Fue como una reunión de amigos pero con una obsesión en común: el coleccionismo de objetos a medio camino entre la historia del capitalismo del siglo XX y el valor de la rareza. “A veces creen que estamos locos, pero yo digo que existe el gen del coleccionista”, explica uno de ellos. Otro ejemplifica: “Yo antes coleccionaba boletos, muñecos de hipopótamos, monedas, billetes. Después todo eso lo dejé”. Y por eso estaban ayer en tres salas del Centro Cultural Recoleta: porque un buen día todos los caminos los condujeron a rastrillar el mundo en busca de packaging, merchandising, publicidades, productos improbables, lo que fuera que llevara el nombre de la gaseosa más famosa del mundo. Tan intensa es la pulsión que las más de dos mil piezas que acarrearon para la primera edición de la Convención Internacional de Coleccionistas de Coca-Cola de Latinoamérica –sí: regional– es apenas una ínfima parte de lo que puede llegar a tener cada una de las personas detrás de los objetos.
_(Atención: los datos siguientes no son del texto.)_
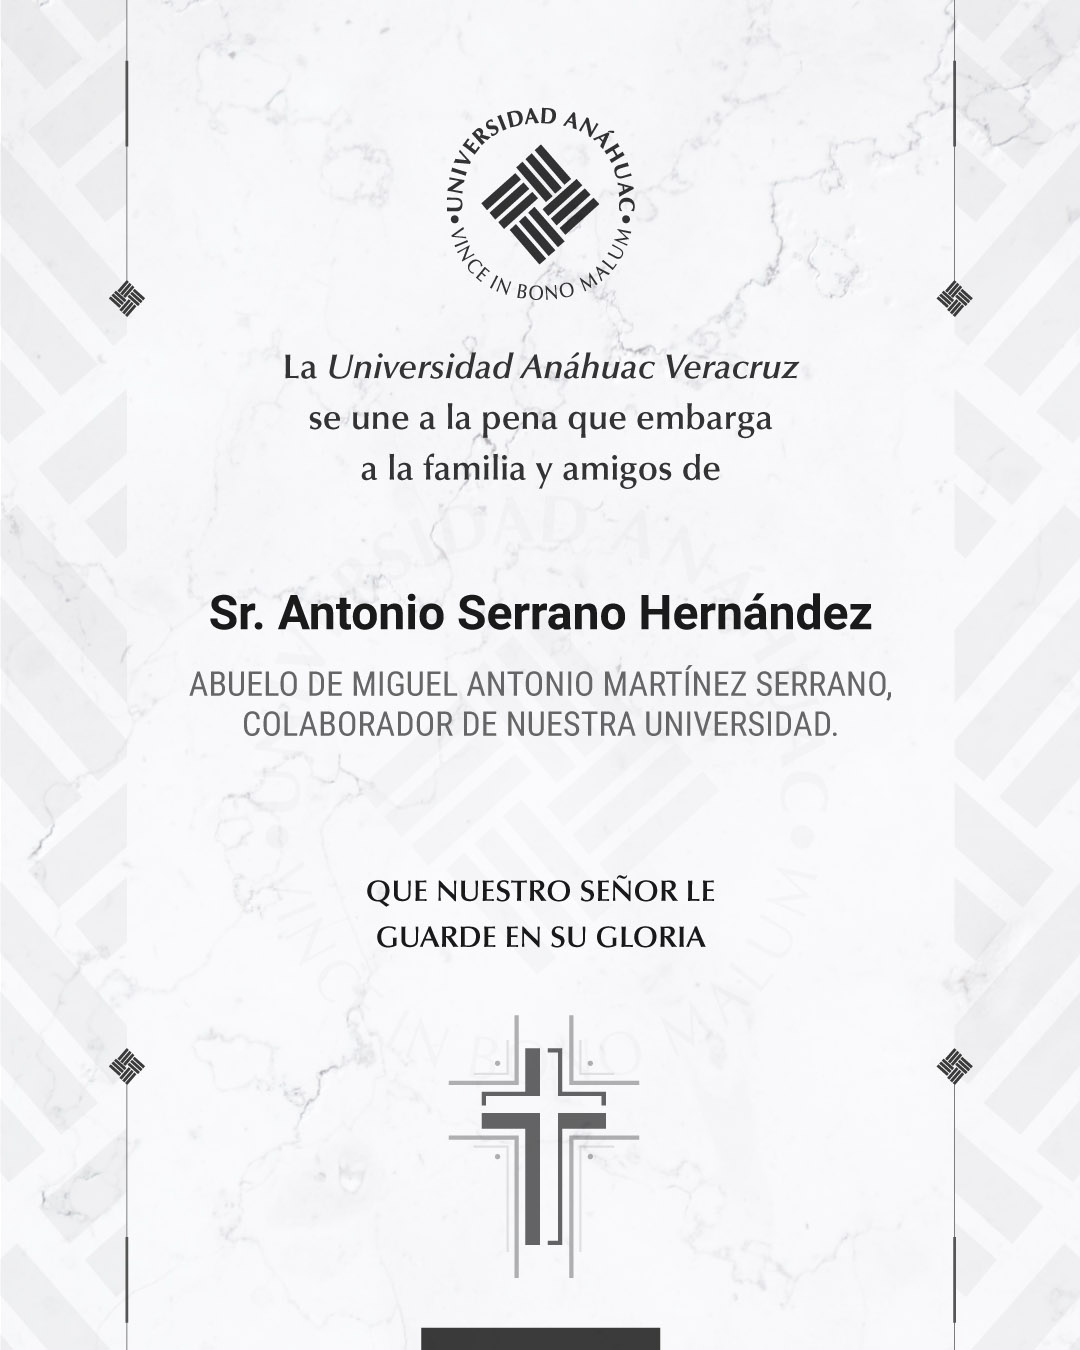 9 / 17 - Sr. Antonio Serrano Hernández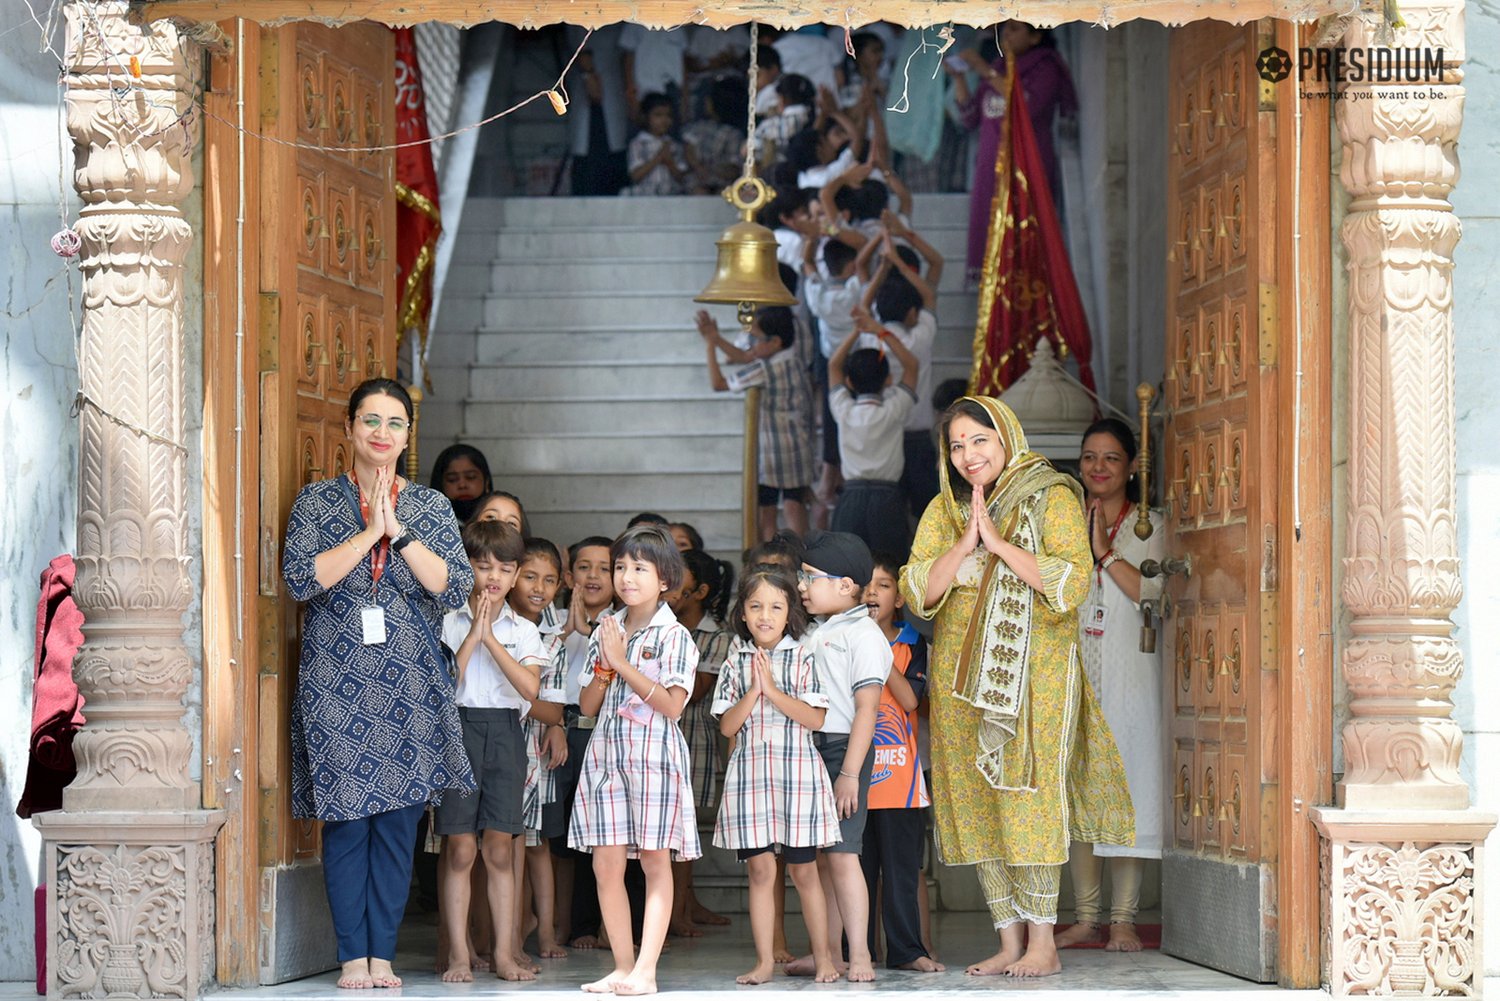 Presidium Rajnagar, PRESIDIANS EMBODY LORD KRISHNA’S TEACHINGS WITH ISKON VISIT

“Debo tener más de quince mil piezas”, evalúa Javier Petrera, menos por petulancia que por el afán de demostrar cuánto puede pasar en casi tres décadas de perseverancia. Pasaron 27 años desde el día en que su –entonces– esposa le regaló una lámina enorme enteramente compuesta por imágenes de botellas y vasos coleccionables de la marca de gaseosa. El tenía 28 años, coleccionaba otras cosas. La imagen era “toda colorida”. De tanto mirar los colores, las formas, de tanto observar las rarezas de las piezas que aparecían en la lámina, un día le dio por buscarlas él mismo. Ahora, al borde de los 55 años, dice: “Nunca parás”. “Lo primero fueron las latas. Buscaba latas con dibujitos, unas ediciones ecológicas. Ahora no, porque no tengo espacio.” Para demostrar que no exagera, explica: su colección, la más vasta del país, le ocupa parte de su casa “y un galpón”. Pero así como con los años empezó a entender el valor de la economía de los espacios, también fue desarrollando el paladar para formas exquisitas de la rareza histórica. Petrera dice que entre sus piezas favoritas están “los cheques cubanos”. Camina hasta una pared, señala un cuadrito. Son, efectivamente, cheques de la época en la que la compañía tenía una embotelladora en Cuba, cuando la isla era territorio de Batista, y un poco antes también: uno, fechado en 1954, otro, en 1928. Entender los momentos de la historia que pueden condensar en algunos objetos enriquece a las personas. Algo así dice Petrera. “Ves los cheques, las latas, no sé, de Tanzania, una reproducción de una botella especialmente hecha para la convención de 1961. Todo eso te abre la cabeza”.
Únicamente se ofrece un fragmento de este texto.